**Data excerpt:**
____
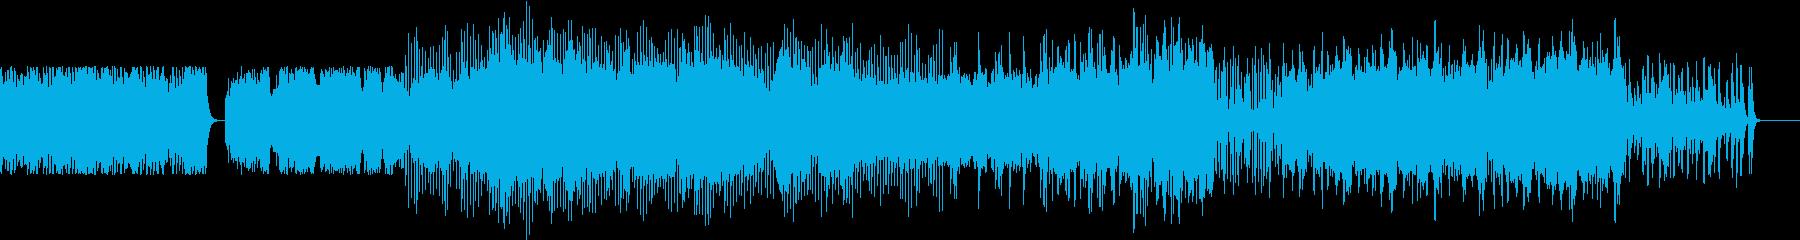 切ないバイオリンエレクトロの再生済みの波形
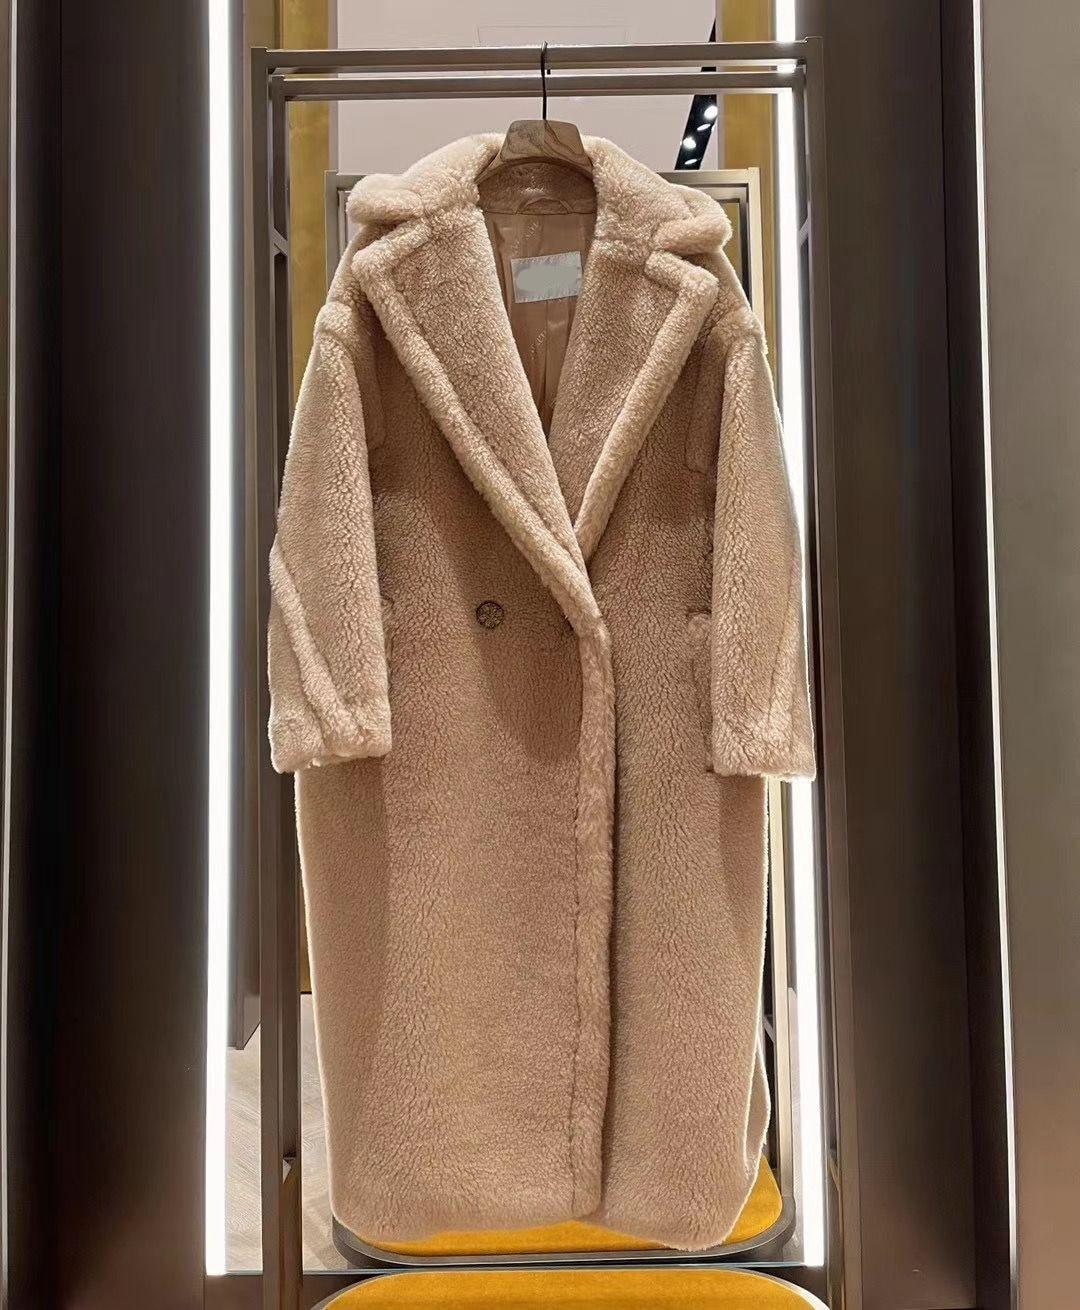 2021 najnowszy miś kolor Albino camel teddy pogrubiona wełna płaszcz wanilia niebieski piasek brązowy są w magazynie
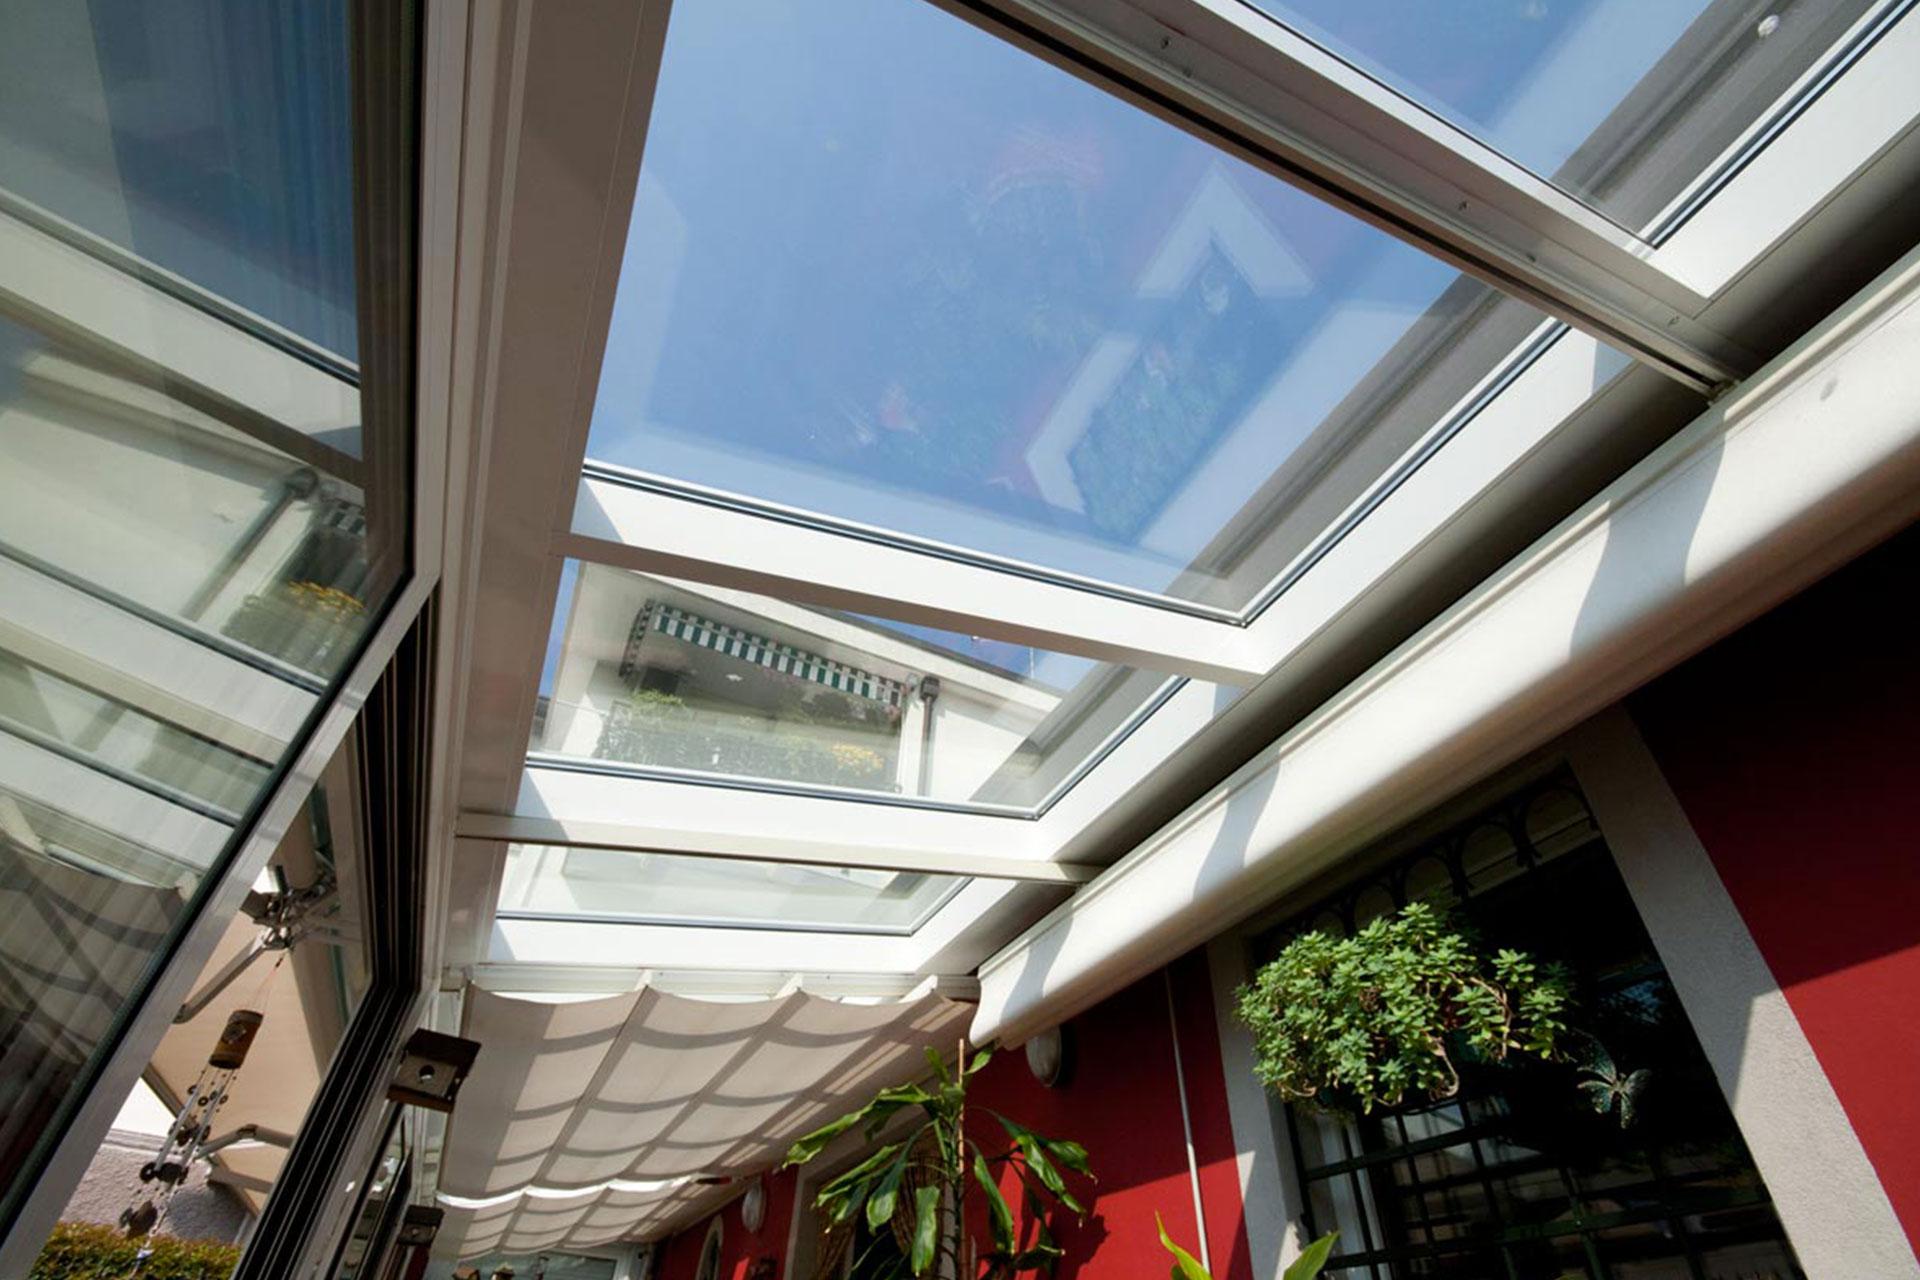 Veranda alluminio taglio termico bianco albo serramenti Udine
____
All of the material above should be set down again exactly, though not its pictures.

 切ないバイオリンエレクトロの再生済みの波形
 2021 najnowszy miś kolor Albino camel teddy pogrubiona wełna płaszcz wanilia niebieski piasek brązowy są w magazynie
 Veranda alluminio taglio termico bianco albo serramenti Udine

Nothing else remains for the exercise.